There are three main potential limitations in our study. First, various thoracic MDCT techniques (i.e., intravenous (IV) contrast administration, types of MDCT scanners, and slice thickness) were used in our study population mainly due to the clinical indication-based thoracic MDCT protocol used in our department and the advances in MDCT scanners that have occurred over the years. However, we believe that these variables most likely did not affect the results of our study substantially because the administration of IV contrast does not affect the evaluation of lungs and all CT images were obtained with a thin-section technique (<1 mm). Secondly, the population size was relatively small in both groups. However, it is important to emphasize that the small study population was mainly due to the rarity of disorder (i.e., PVS) and MDCT is not currently routinely used for evaluating PLD in the pediatric population unless there is a specific clinical indication, such as the evaluation of a superimposed infectious process. A future multicenter study, which can provide a larger patient population, will be helpful for confirming the results of our study. Lastly, not all patients included in this study had pathological confirmation of thoracic MDCT findings. However, it is worth emphasizing that pathological confirmation is not currently routinely performed for evaluation of pleuropulmonary abnormalities in pediatric patients with known PVS and PLD.

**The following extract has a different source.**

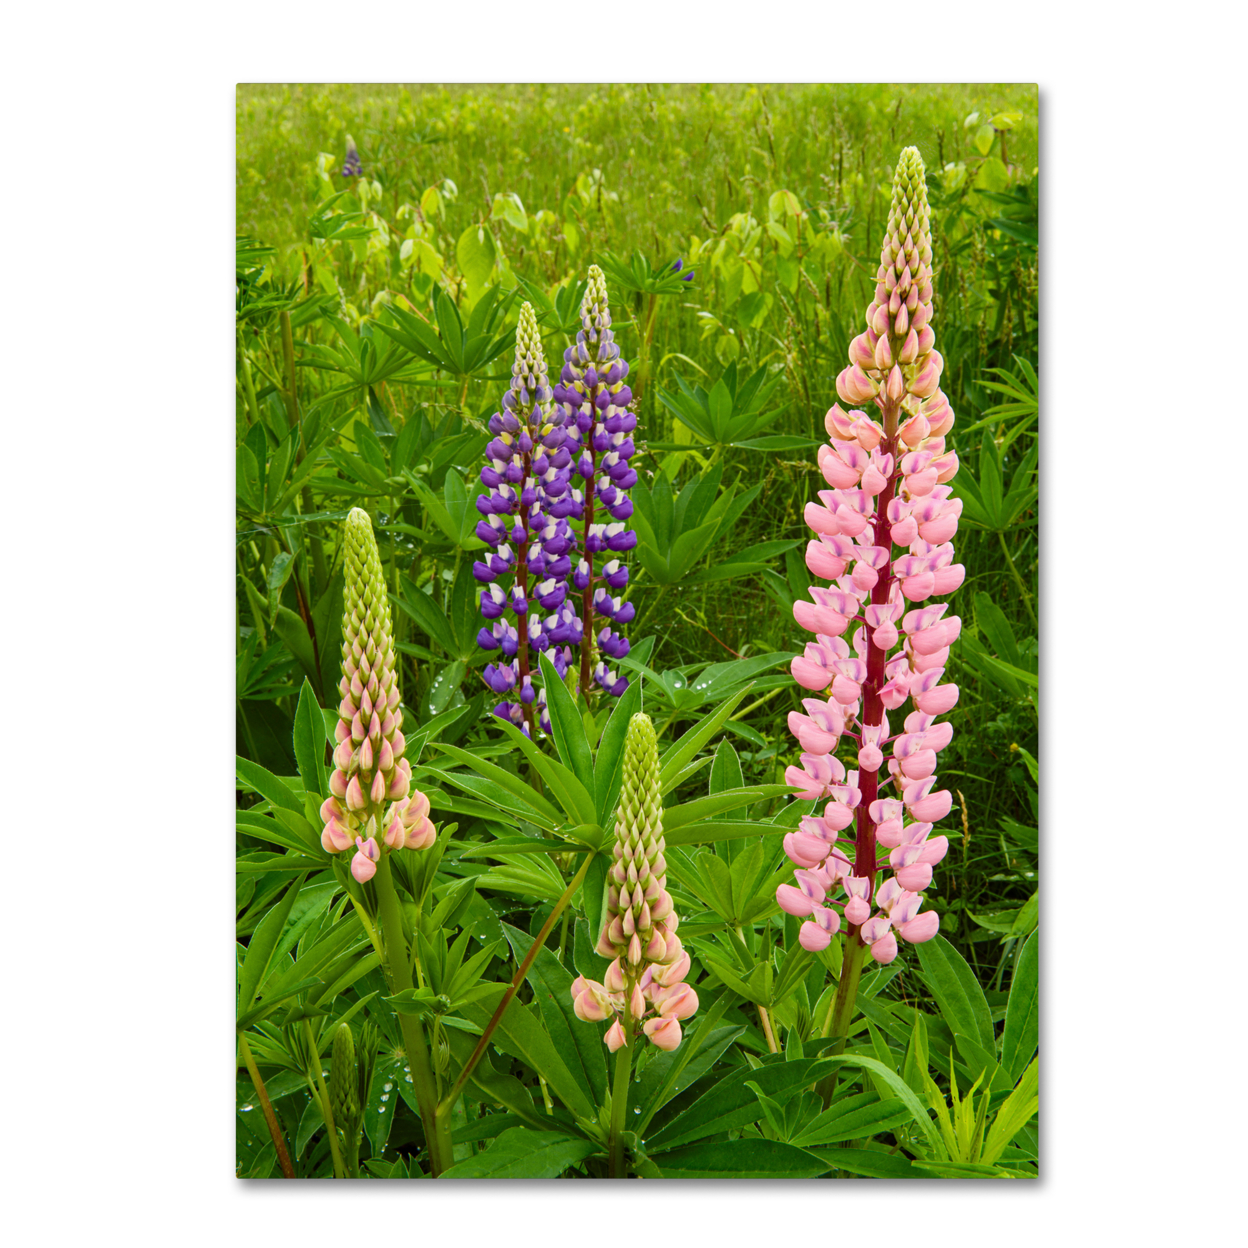 Michael Blanchette Photography 'Lupine Family' Canvas Wall Art 35 X 47 Inches

In conclusion, our study is the first study to directly compare the pleuropulmonary MDCT findings in children with PVS and PLD. We believe that our findings of significantly different thoracic MDCT pleuropulmonary abnormalities between children with PVS and children with PLD provide clinically valuable new information that can be used to distinguish pediatric patients with PVS from PLD in daily clinical practice. Recognition of these distinct characteristic pleuropulmonary abnormalities (i.e., septal and pleural thickening in PVS versus TLO, and bronchial thickening and bronchiectasis in PLD) can allow early and accurate diagnosis of these two important disease processes. Therefore, our findings of statistically significant differences in the characteristic pleuropulmonary MDCT abnormalities of PVD and PLD have great potential to improve diagnostic accuracy for these two pediatric thoracic disorders.